DBA identified the issue on secondary node and fixed the issue with second node.

DBA fixed issue on Node2 and tried to apply patch on Slave node with allnodes=no

adop phase=apply patches=20012197 workers=8 hotpatch=yes allnodes=no action=nodb

adop returned successfully updated that Patch is successfull.

Now we need to sync the filesystems and tried to fs_clone on all nodes as below.

$ adop phase=fs_clone

Unfortunately fs_clone has failed with below errors..
Checking for pending adop sessions...
    No pending session exists.
    Staging new adop session...
    [UNEXPECTED]The following nodes are not in sync : oraapp02    Please bring the nodes in sync and then continue    [UNEXPECTED]Unrecoverable error occured. Exiting the current session.


DBA Tried to run prepare/cleanup and none of them helped.. all these got failed.

Solution:

Even though patch has been applied on failed nodes and it showed as successfull. ADOP activity didn't updated patchrun_id in table AD_ADOP_SESSION_PATCHES.
Below is the output seen:
select bug_number, patchrun_id, node_name from  AD_ADOP_SESSION_PATCHES where bug_number in ('20126243')
BUG_NUMBER                     PATCHRUN_ID            NODE_NAME                      
------------------------------ ---------------------- -------------------------------
20126243                       24398                  oraapp01                     
20126243                       -1                  oraapp02                     
   
Based on output patchrun_id for oraapp02 should be 24398 instead it is showing as "-1".

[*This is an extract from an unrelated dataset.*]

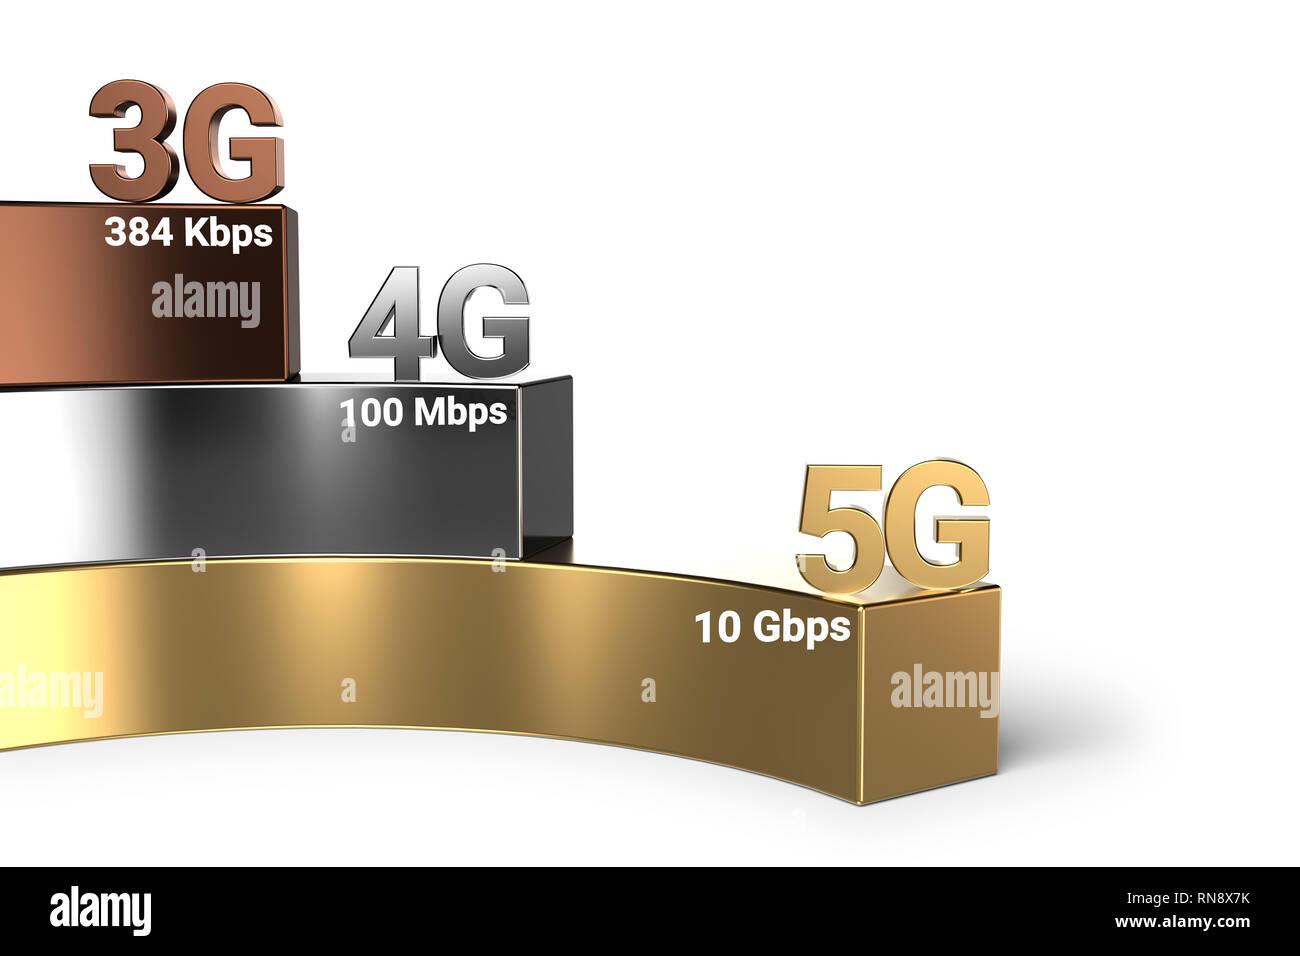 Wireless network speed evolution from 3G through 4G to 5G

Before are two solutions to fix this issue:

Sol 1: 
If Patch that is applied is a small oneoff patch try applying patch on all nodes with force option & nodbportion as below

$ adop phase=apply  patches=20126243 workers=8 hotpatch=yes options=forceapply,nodatabaseportion

This step will update patchrun_id in table AD_ADOP_SESSION_PATCHES

Sol 2: 
Manually update patchrun_id for node 2 as value same as that of node1
SQL> update table AD_ADOP_SESSION_PATCHES set patchrun_id=24398 where bug_number='<bug_number>' and session_id='<adop_sess_id>' and node_name='oraapp02';
SQL> commit;

Run fs_clone now.